Bourdieu (2006) chama a atenção para o fato de que, num estado do campo em que se vê o poder por toda a parte, é preciso saber descobrir onde ele é menos visível e também mais ignorado. “O poder simbólico é, com efeito, esse poder invisível o qual só pode ser exercido com a cumplicidade daqueles que não querem saber que lhe estão sujeitos ou mesmo que o exercem” (BOURDIEU, 2006, p.7-8).
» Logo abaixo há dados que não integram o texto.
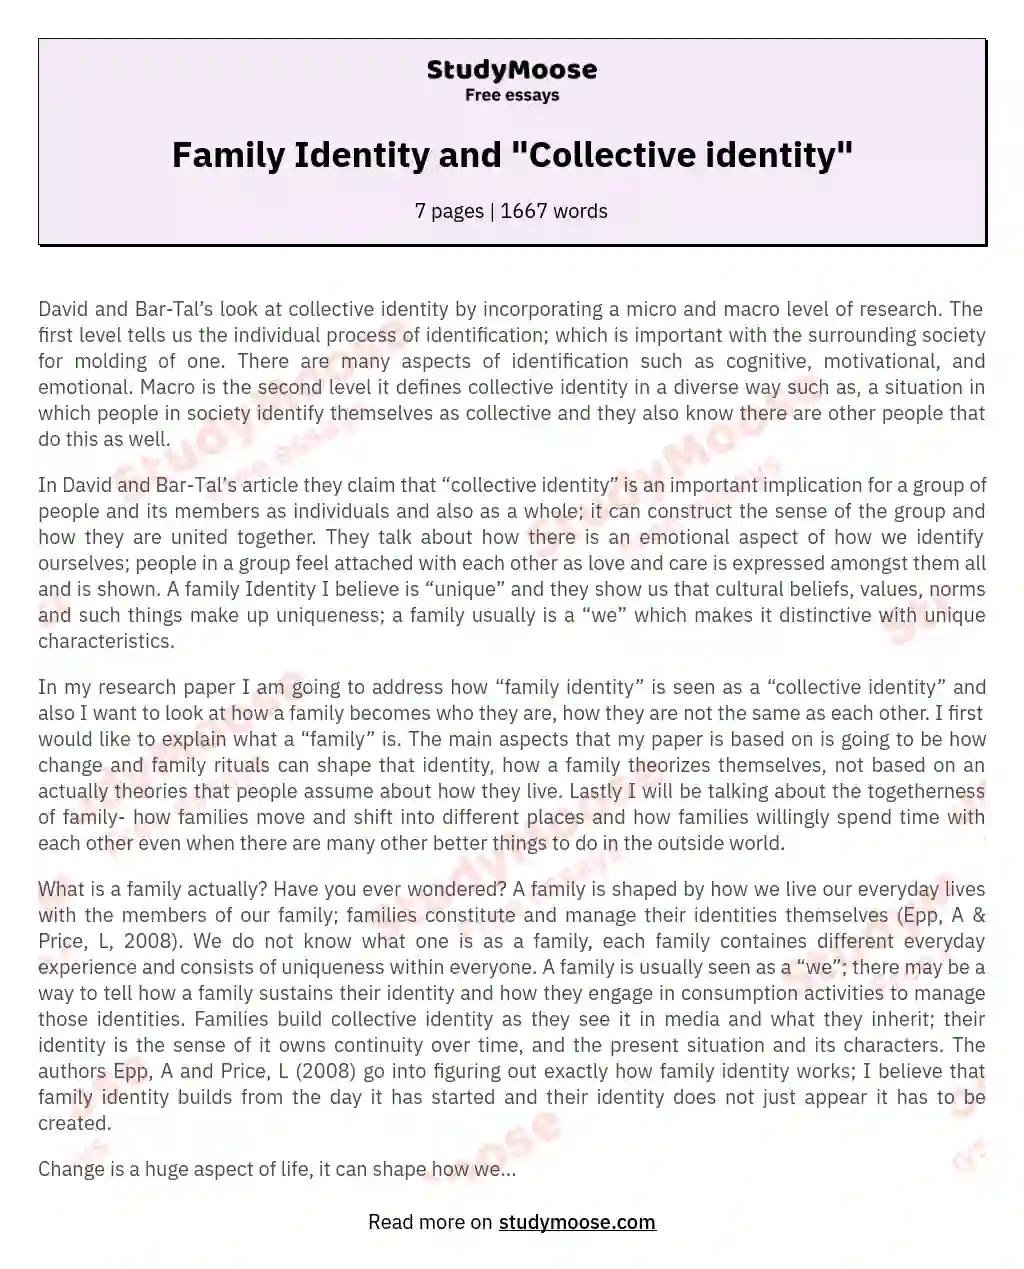 Family Identity and "Collective identity"

Para este sociólogo, o poder simbólico é um poder de construção da realidade que tende a estabelecer uma ordem gnoseológica: o sentido imediato do mundo (em particular do mundo social) supõe uma concepção homogênea do tempo, do espaço, do número e da causa, que torna possível a concordância entre as inteligências.

Dessa forma, o poder simbólico é o poder que permite impor significados no mundo, manter ou subverter a ordem e é reconhecido pelo público através da crença na legitimidade das palavras de quem as pronuncia. É uma forma transformada, ou seja, irreconhecível, transfigurada e legitimada, das outras formas de poder.

O poder simbólico como poder de constituir o dado pela enunciação, de fazer ver e de fazer crer, de confirmar ou de transformar a visão do mundo e, desse modo, a ação sobre o mundo, portanto, o mundo; poder quase mágico que permite obter o equivalente daquilo que é obtido pela força (física ou econômica), graças ao efeito específico da mobilização, só se exerce se for reconhecido, quer dizer, ignorado como arbitrário. (BOURDIEU, 2006, p.14)

20 Os autores desta teoria são Robert J. Aumann e Thomas C. Schelling, vencedores do prêmio Nobel de Economia 2005.

O poder simbólico é considerado, ainda, um poder de construção da realidade, que tende a estabelecer um sentido imediato do mundo. Como diz esse sociólogo, é como se fosse um poder ‘quase mágico’, uma vez que consegue alcançar aquilo que é obtido pela força (física ou econômica) sem que aquele que lhe está sujeito esteja consciente dessa dominação, ou seja, a sua violência (simbólica) é ignorada. Assim, o poder simbólico está sempre presente na luta entre dominados e dominantes, a qual ocorre através dos conflitos simbólicos da vida cotidiana.

Para Bourdieu (2006), o poder simbólico se define em uma relação determinada – e por meio desta – entre os que exercem o poder e os que lhe estão sujeitos, ou seja, na própria estrutura do campo em que se produz e reproduz a crença, é um crédito que aquele que lhe está sujeito dá a quem o exerce. Nesta relação, explica este teórico, o que está em jogo é o monopólio da violência simbólica, ou seja, o poder de impor instrumentos de conhecimento e de expressão arbitrários, embora sejam ignorados como tais. Desta forma, o poder simbólico, conforme explicado anteriormente, está na relação de determinação entre quem exerce o poder e quem lhe está subordinado - e não nos sistemas simbólicos propriamente ditos.